“We should move in together,” I blurted out. “I have an empty house. You have a week-to-week rental. It doesn’t make sense that we can’t both just… share.”
She looked at me oddly.
“I have a week-to-week rental with my brother,” she whispered. “And if anyone should move out, it’s you. You’re in a haunted house.” She looked behind me as if she didn’t even want to come in the door. “But that’s beside the point. I’m thinking that, since this is the first time that you’ve talked to me in a month, that maybe we should start slow. You know, maybe grab lunch sometime next week.”
My lips twitched. “I was going to call you today anyway.”
I was, too.
After seeing her yesterday, I’d realized that there was no more putting off the mess that I’d found myself in.
Despite her words, she wasn’t going to wait forever.
I had a feeling if I didn’t get my head out of my ass, then she would bolt.
If her actions yesterday were any indication.
Despite her wariness with me and insistence that I needed to take some time to deal with my feelings, this last month was necessary.

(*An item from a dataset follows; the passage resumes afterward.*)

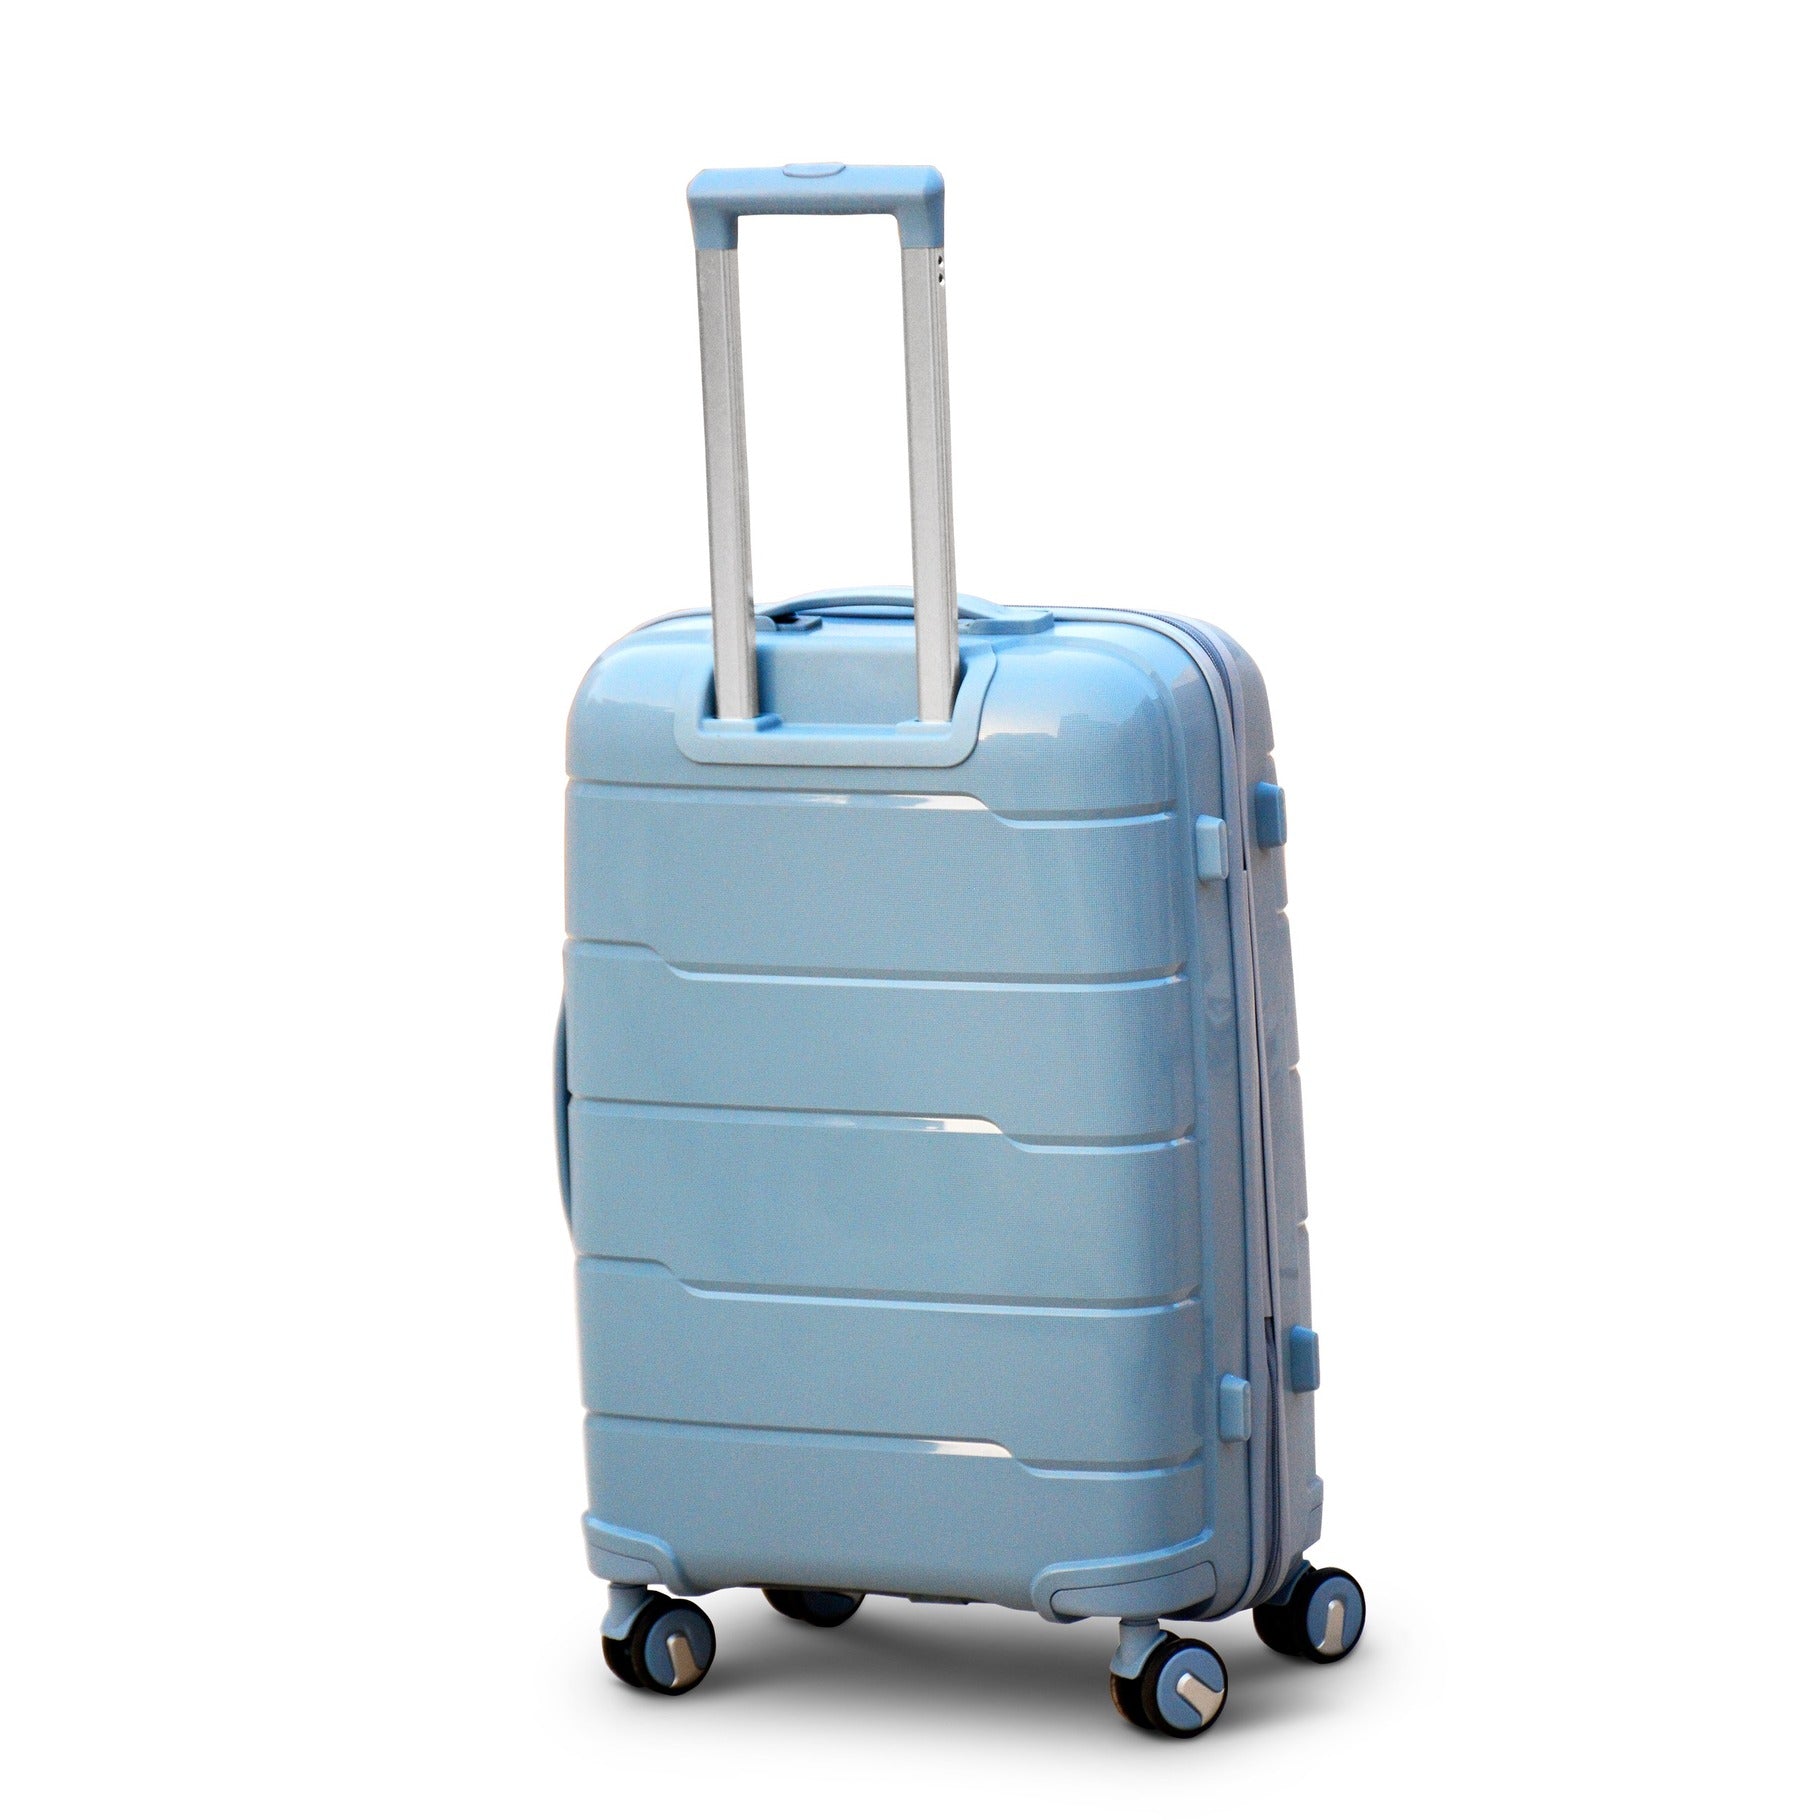 28" Grey Colour Ceramic Smooth PP Lightweight Luggage Bag with Double Spinner Wheel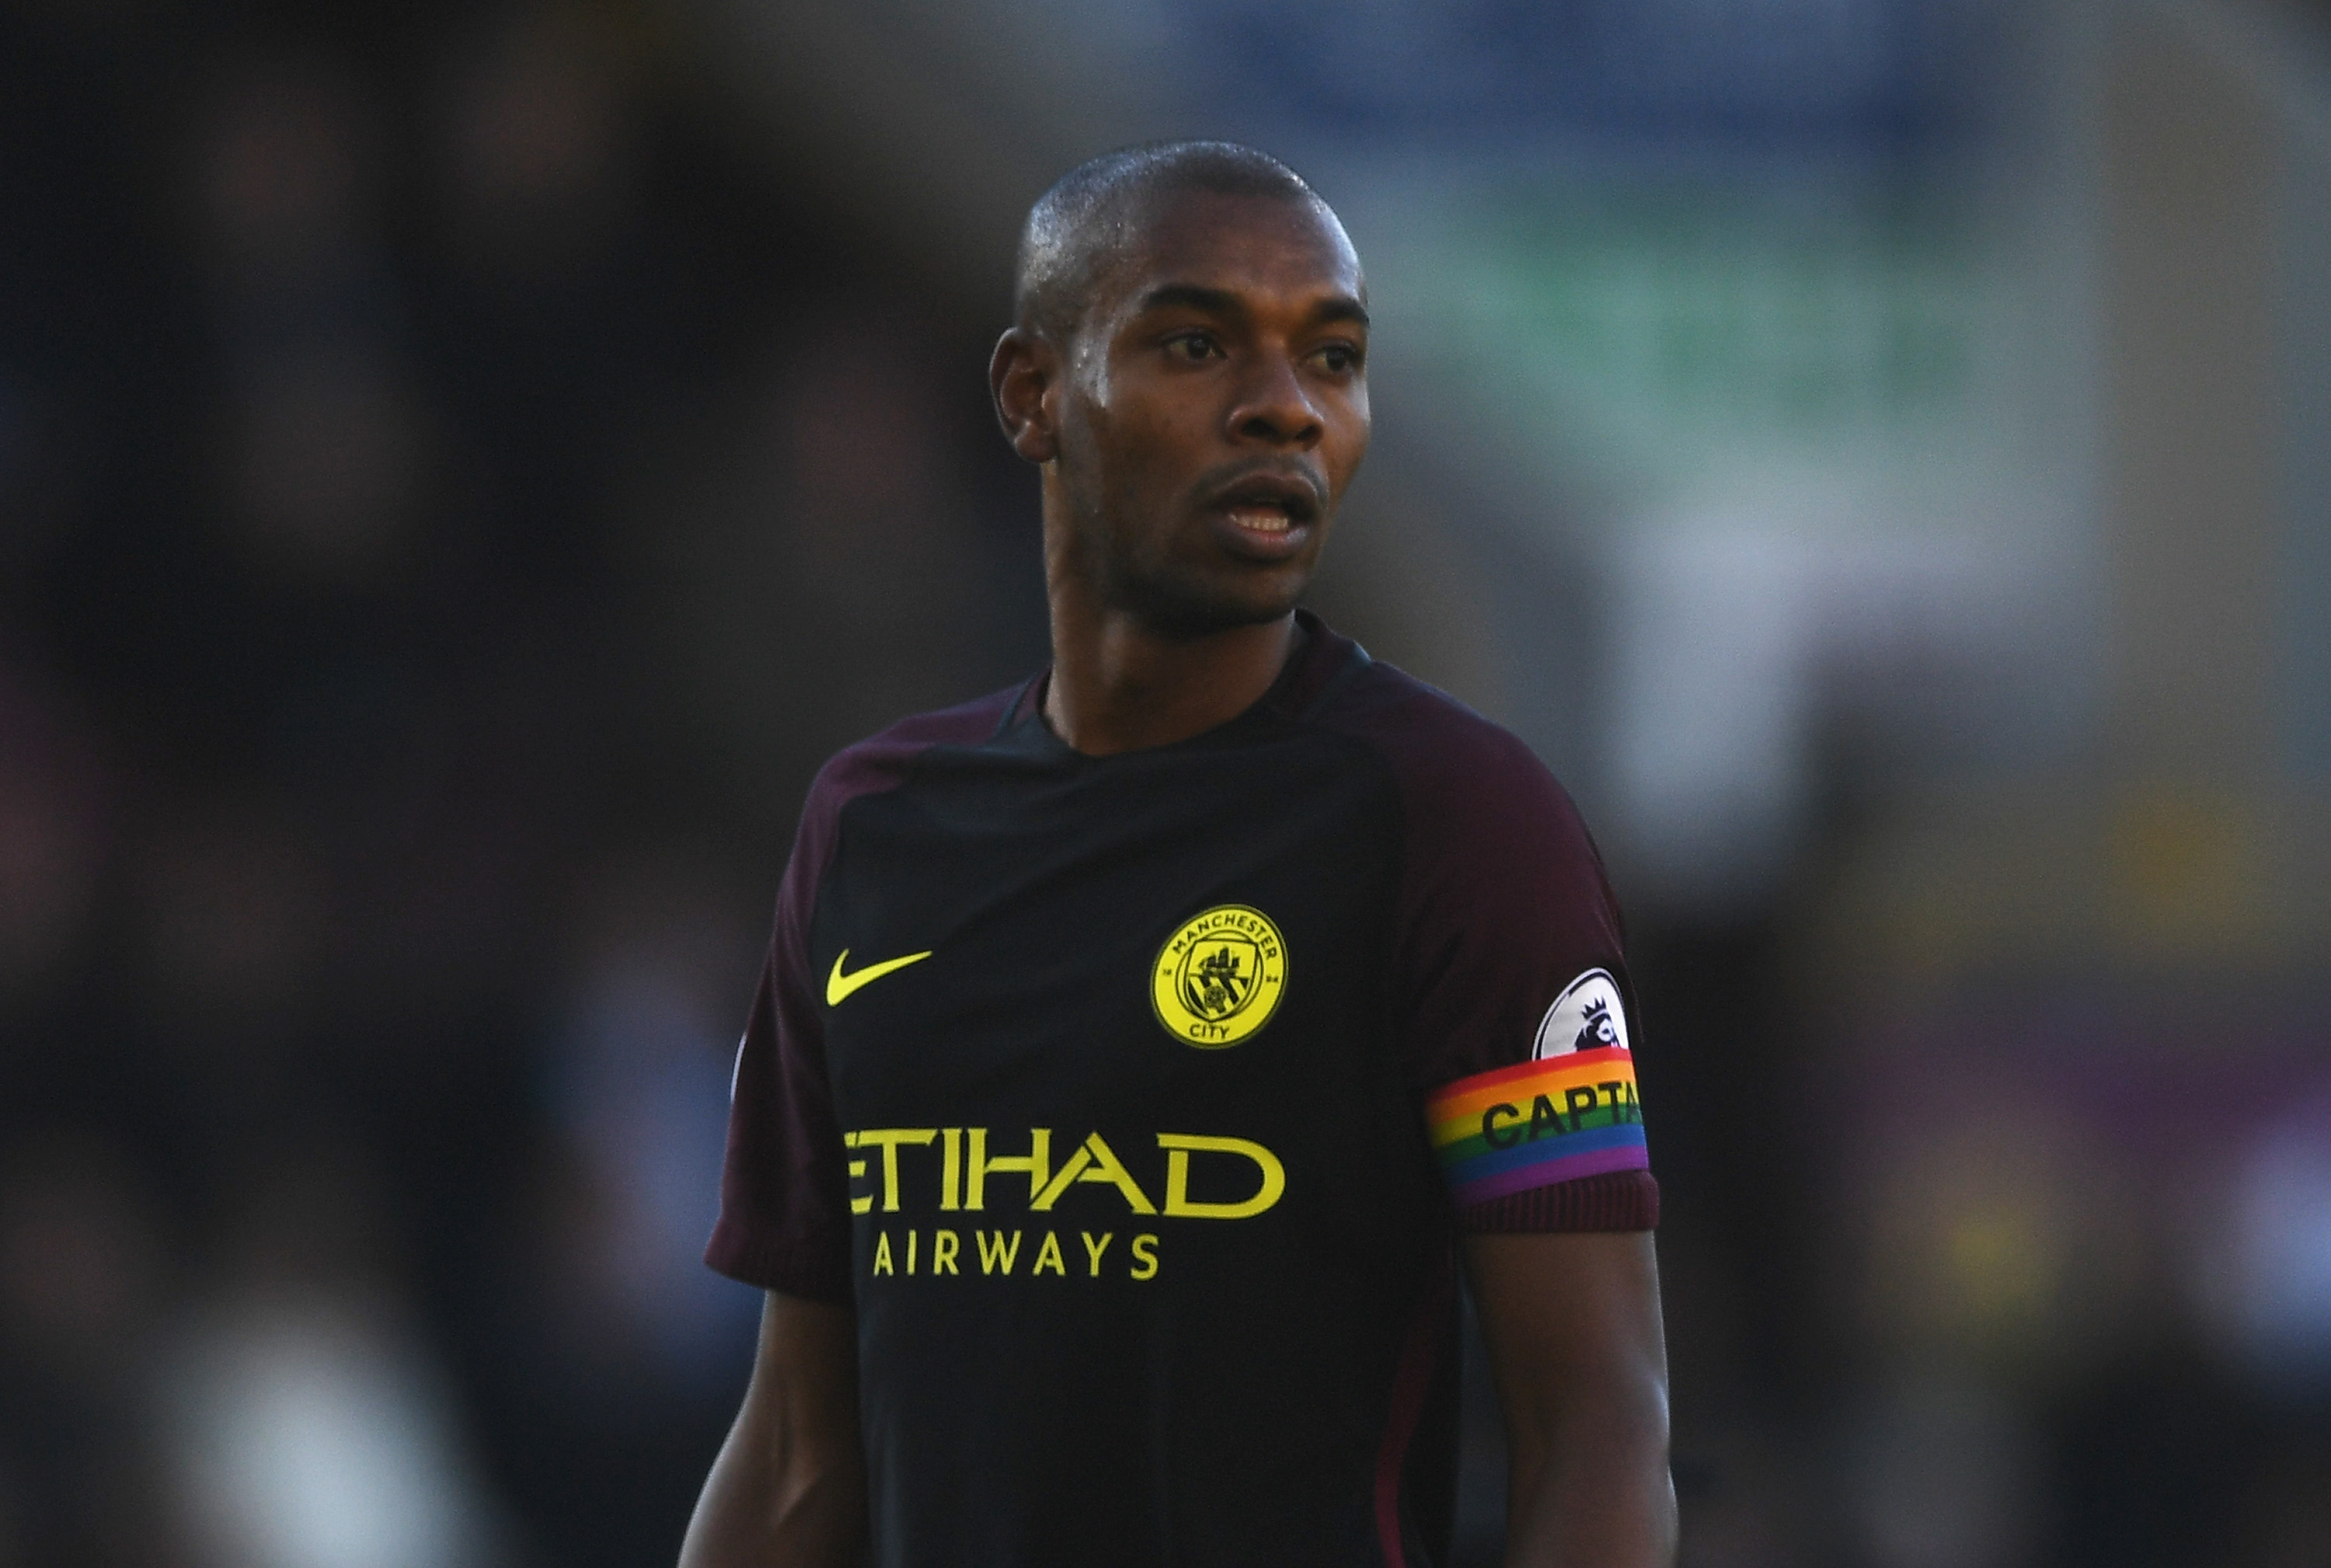 BURNLEY, ENGLAND - NOVEMBER 26:  Fernandinho of Manchester City wearing a rainbow-coloured captain's armband is seen during the Premier League match between Burnley and Manchester City at Turf Moor on November 26, 2016 in Burnley, England.  (Photo by Gareth Copley/Getty Images)

I’d had to do a cross-country move with all of my stuff. Catch up with all the family that I’d left behind. Relearn all of my nieces’, nephews’, great-nieces’ and nephews’ names, find a job, move into a house. Get settled in with the other Souls Chapel Revenants. And that wasn’t even taking into account some of the shit that had gone down in the last month with the other members of the MC.
Needless to say, I’d needed the month.
I had enough time at night to fall right into bed, and enough time in the morning to wake up, main line a shot of coffee, and get to my new real job as a private investigator.
See, Lynn already had quite a bit of business for that, and I hadn’t realized just how chaotic it would be until I was thrust right into the middle of it.
I had a million and one things to do today.
I didn’t have time to take her to the doctor.
But I would.
Gesturing her inside, I stepped back and made a beeline for my phone that was on the counter next to my toothbrush I was just using before she’d knocked on the door.
When I turned around to address her, I found her still standing on the front porch.
“You can come in,” I reiterated.
She wrinkled her nose. “I don’t do scary stories.”
I gave her a look, and she sighed.
“Son of a bitch,” she grumbled as she walked into the house, expecting something to smite her the moment she breached the door. “I better not die, or I’ll haunt your ass for the rest of my life.”
I grinned at her and gestured for her to take a seat.
“What time do we need to leave here by to get there on time?” I questioned.
She looked at her watch, which was a cool Luminox.
It was way too big for her hand, and it was old to boot. I had a feeling that it’d been her father’s or grandfather’s at some point. There was no way that something that big and scratched up was hers.
“About twenty minutes or so.” She paused. “I wasn’t actually sure how long it would take to get here, or if you’d be ready by the time that I got here, so I wanted to give you ample time.” She paused. “Unless I could just borrow your truck?”
I gave her a look. “You don’t want me to come?”
Her eyes slid away from me to the sink where she took in where I brushed my teeth.
She curled her lip up in disgust when she saw the toothpaste tube. “That’s disgusting.”
I looked down at where my toothbrush was, and then at the tube that really was disgusting. I wasn’t one of those that kept the toothpaste tube clean, or, for that matter, the lid on.
I was one, in fact, that was a bit messy with it and didn’t really care.
In all other aspects of my life, I was clean and tidy. I gave myself that one out.
“You’re neglecting to answer my question,” I told her.
She turned her disgusted gaze from my toothbrush and toothpaste to me, and the look slid right off her face and became… more.
“I don’t hate you nor do I not want you to come,” she said softly. “It’s just incredibly hard to be near you.”